Google won't be releasing the source code for Android 3.0 Honeycomb any time soon. (For an excellent overview of why that is and what it means, see Jerry Hildenbrand's article over at our sibling site, Android Central.) What makes this interesting for TiPb is that, for a while now, Google has used the term "open" as a hammer to differentiate themselves from Apple, iOS, and the iPhone. From Eric Schmidt's "completely open" quips to Vic Gundotra I/O smack-talk to Andy Rubin's now-ironic tweet, it's been clear from the start that "open" wasn't a development philosophy for Google so much as a business and marketing strategy. It was a brilliant if disingenuous move that rallied many hardcore free and open-source software advocates to their cause (and platform) and got a bevy of tech writers to skewer Apple for being equally and oppositely "closed".
That it was business and marketing rather than philosophy was fairly clear from the start -- "open" is such a nebulous term to begin with. Open to whom and in what way? Even if we restrict ourselves to open-source, Android was never Stallman-class open, GPL licensed and patent unencumbered. It was never even Mozilla-class open, where the source was freely available even during development phases (most of us couldn't download, compile, and contribute back to Gingerbread before the Nexus S debuted). It was Google-class open, which meant it was only released when it benefitted Google, and only really meant for manufacturers and carriers. We've spoken about it plenty of times here at TiPb, and so has Android Central. (Phil Nickinson and I even did a special podcast on it back in October.)
It's kind of like that popsicle you get at the corner store -- it's not chocolate, it's chocolaty. Android was never open. It was openy.
That's fine. It's even good. It let Google make the arrangements they needed to make with manufacturers and carriers to get Android accepted and deployed at the scale it enjoys today. An Android that didn't let manufacturers lock down bootloaders and carriers lock out sideloaders, that didn't allow for bloatware and feature removal, wouldn't be the number one fastest growing phone OS on the planet. (webOS, though proprietary, is arguably far more meaningfully open to developers and users than Android, but didn't get anywhere near the carrier support.)
Likewise, if Google has open-sourced their search algorithms, AdWords and AdSense code, and internal infrastructure programming it would likely have been bought by Oracle instead of being sued by them.
Apple's the same way.
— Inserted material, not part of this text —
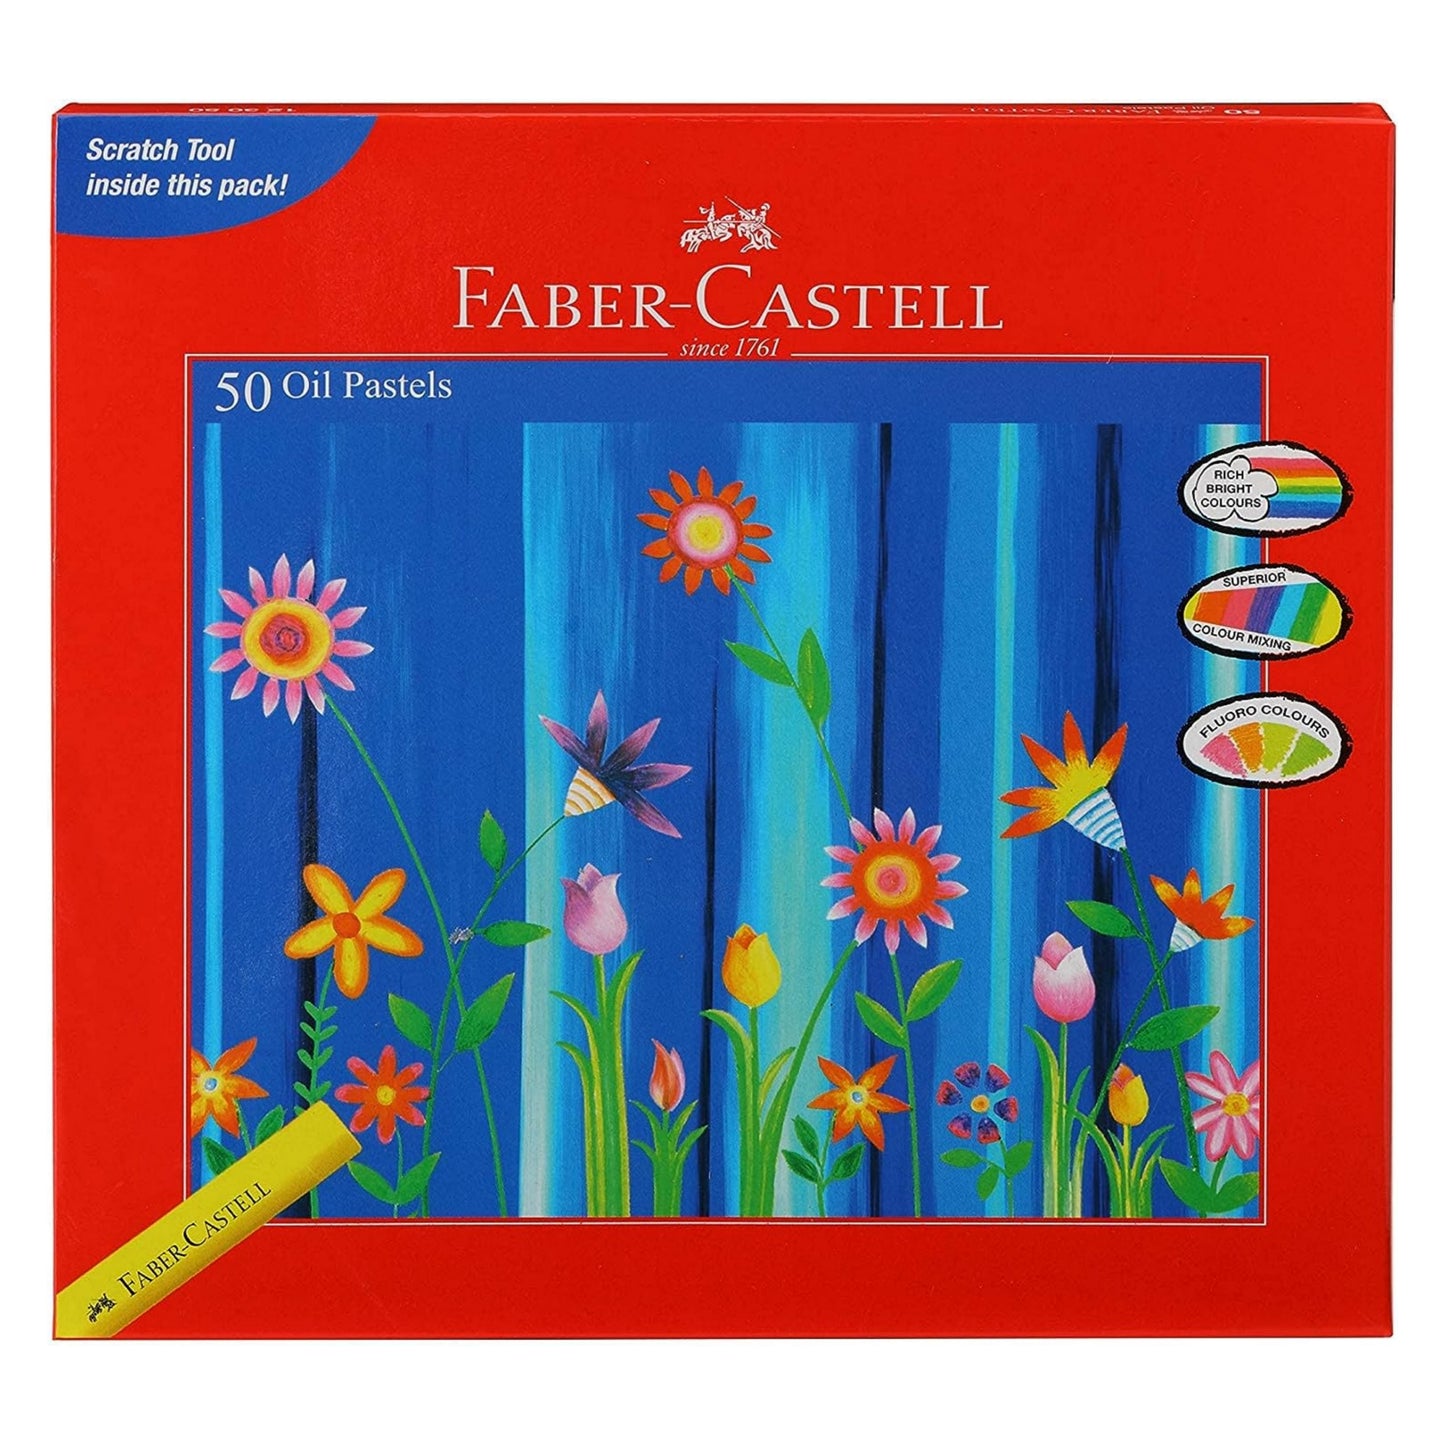 Faber-Castell Oil Pastels Pack Of 50

They protect their revenue streams -- their interfaces and designs, products and presentations, and they open source WebKit and a large number of other ancillary projects. Both are for-profit companies after all, tightly controlling the areas they dominate with proprietary code and fragmenting those they don't with free software. Google simply chose to deliberately use (is mis-used) the term "open" as a way to counter-program Apple...
And because of Honeycomb it's come back to bite them in the @$$ this week.
That's too bad. Android is a fantastic OS and is getting better and better with each iteration. It's powerful, customizable, and functional in ways iOS simply can't be at the moment. (Hopefully Matias Duarte will soon give it an interface to match, if Google can get those 40 shades of blue out of his way.)
It's just not now nor has it ever been "open" -- it has been and remains "openy".
Now that Schmidt can't get away with "completely open", Gundotra needs to fear for a future of his own creation, and Rubin's make command will error out with file not found, maybe we'll get less rhetoric from Google and Apple both. Ultimately I don't care who's more open or more integrated -- I just care who makes me the better phone and tablet.